(PROVIDED INFORMATION Opens)

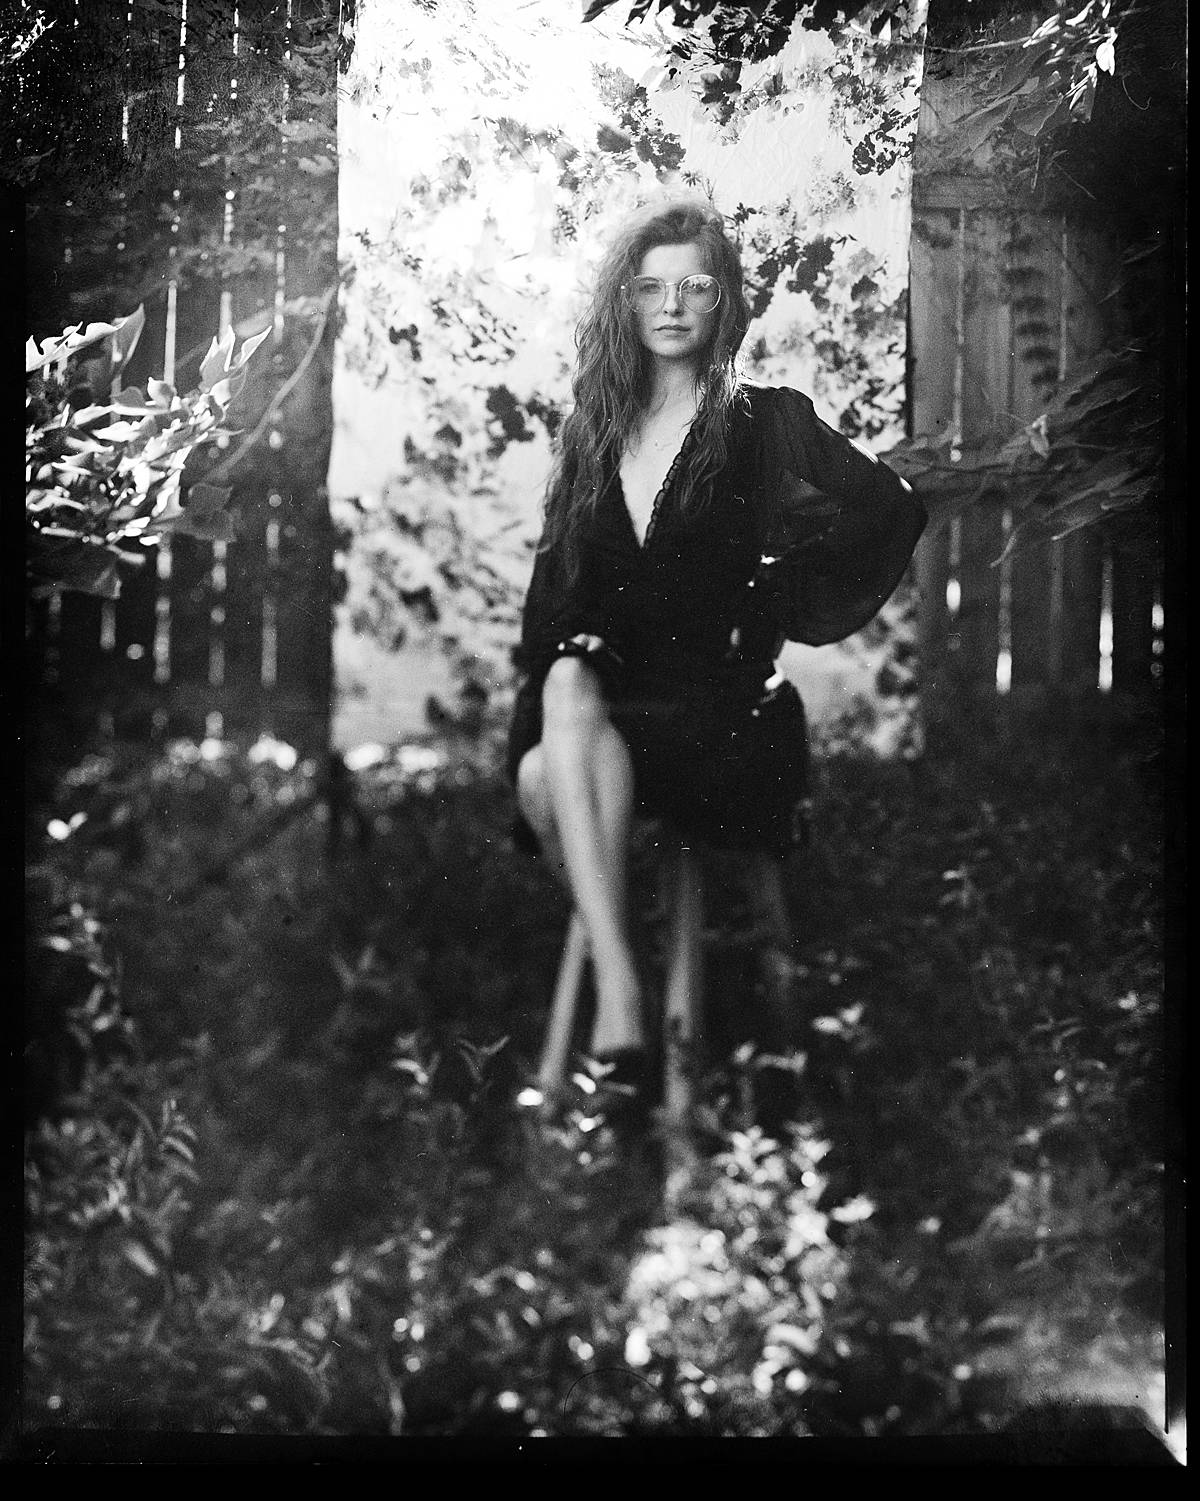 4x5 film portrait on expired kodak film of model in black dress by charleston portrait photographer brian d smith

(PROVIDED INFORMATION Closes)
(PROVIDED INFORMATION Opens)

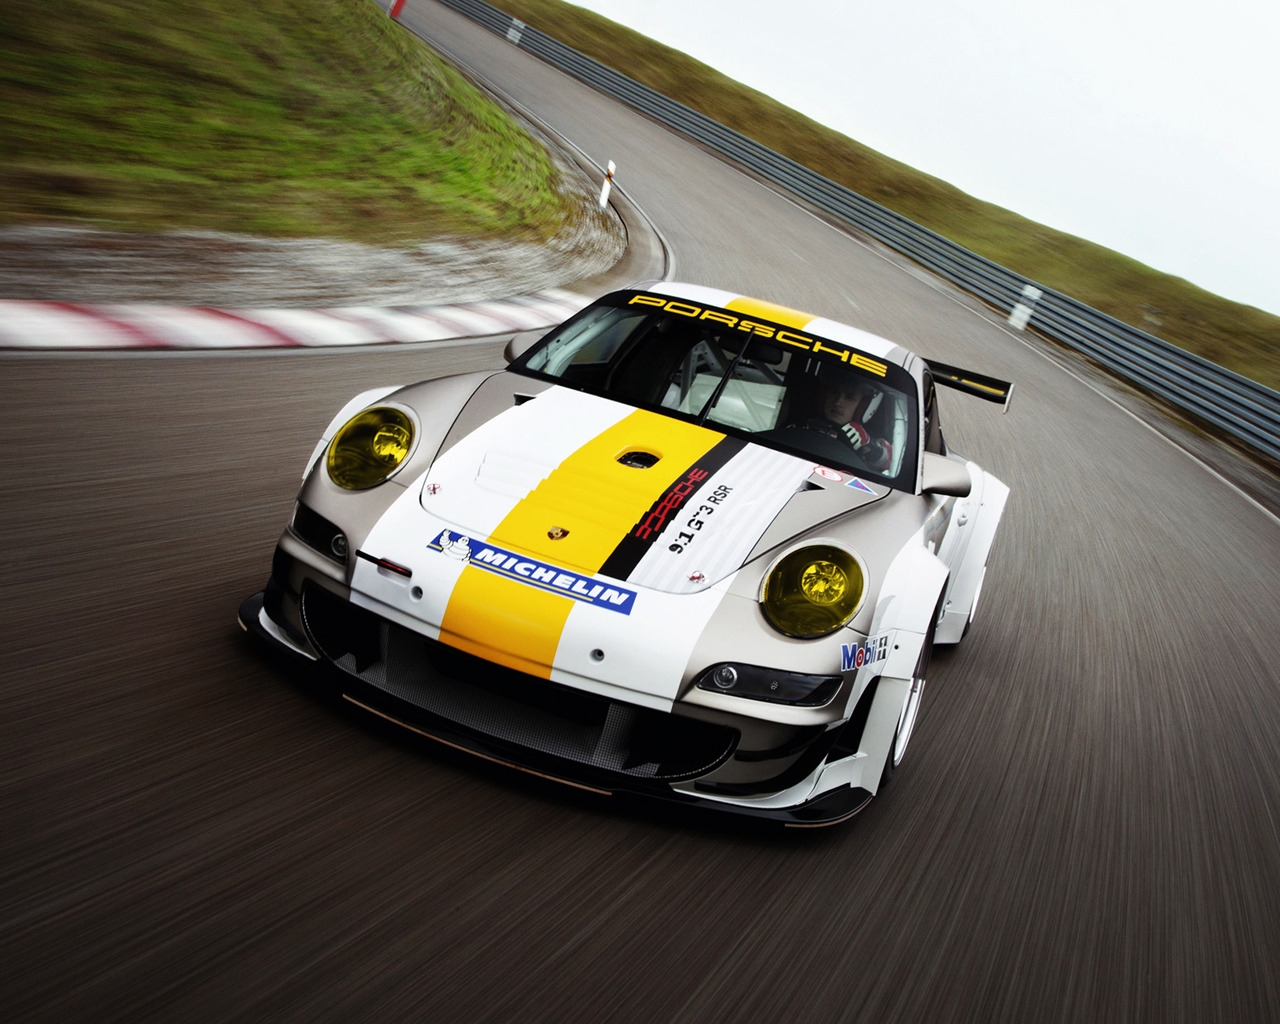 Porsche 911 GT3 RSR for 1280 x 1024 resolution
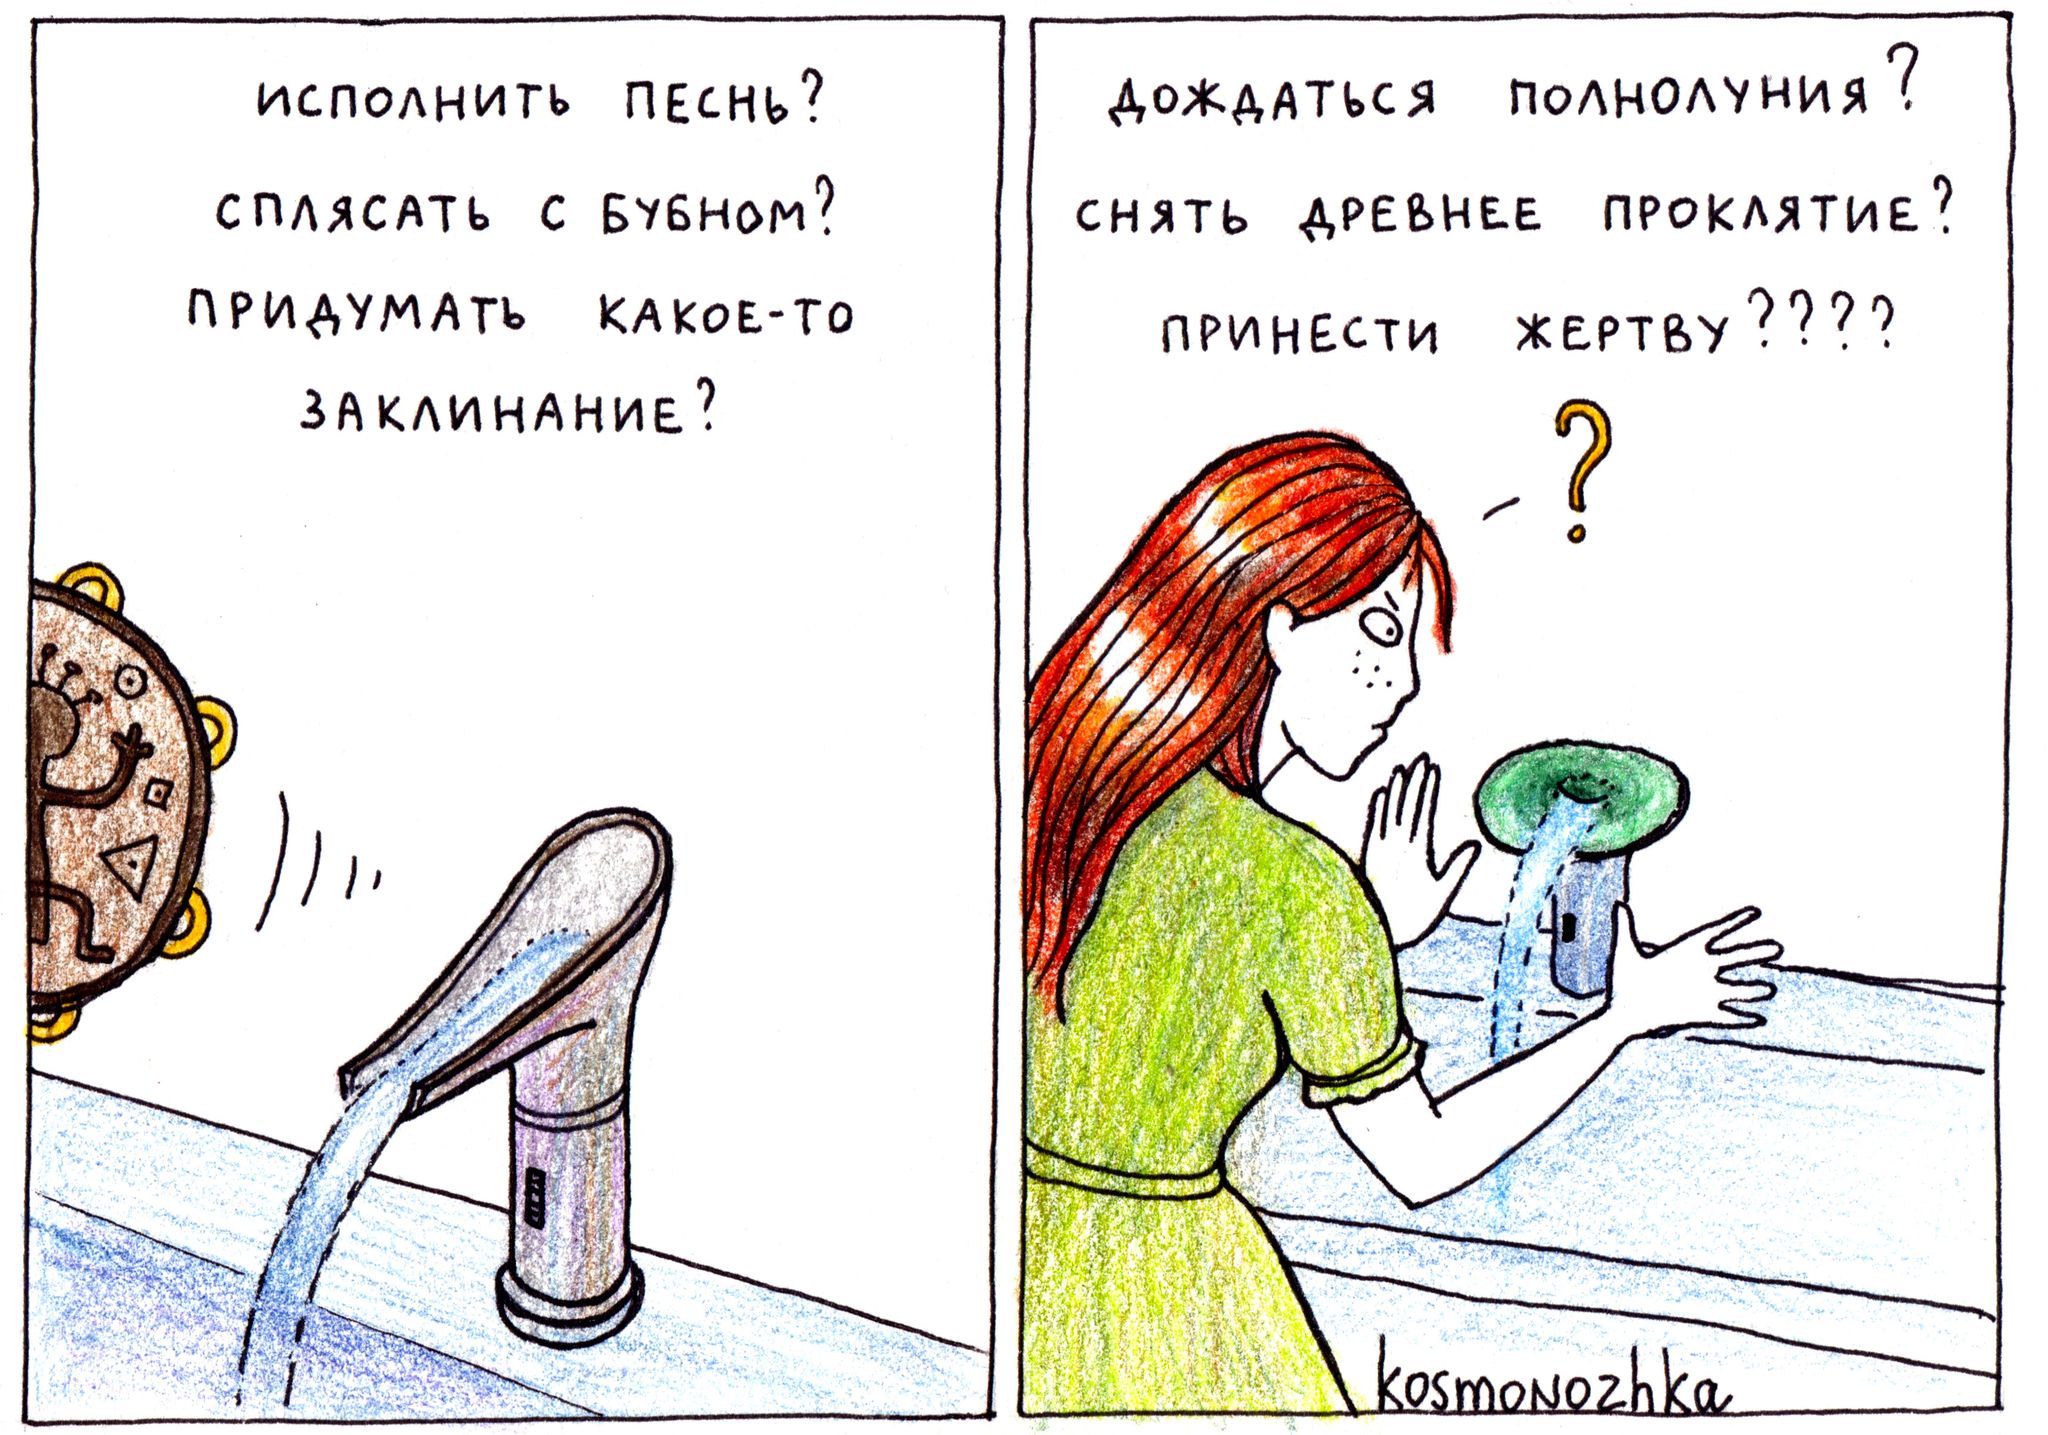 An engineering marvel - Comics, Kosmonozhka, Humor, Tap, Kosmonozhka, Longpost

(PROVIDED INFORMATION Closes)

▸ **WHAT YOU ARE ASKED TO DO**: Copy the entries above exactly, but only the stretch from the line containing "Porsche 911 GT3" through the line containing "An engineering marvel". Keep both end lines; drop the pictures.

▸ **RESPONSE BELOW**:
 Porsche 911 GT3 RSR for 1280 x 1024 resolution
 An engineering marvel - Comics, Kosmonozhka, Humor, Tap, Kosmonozhka, Longpost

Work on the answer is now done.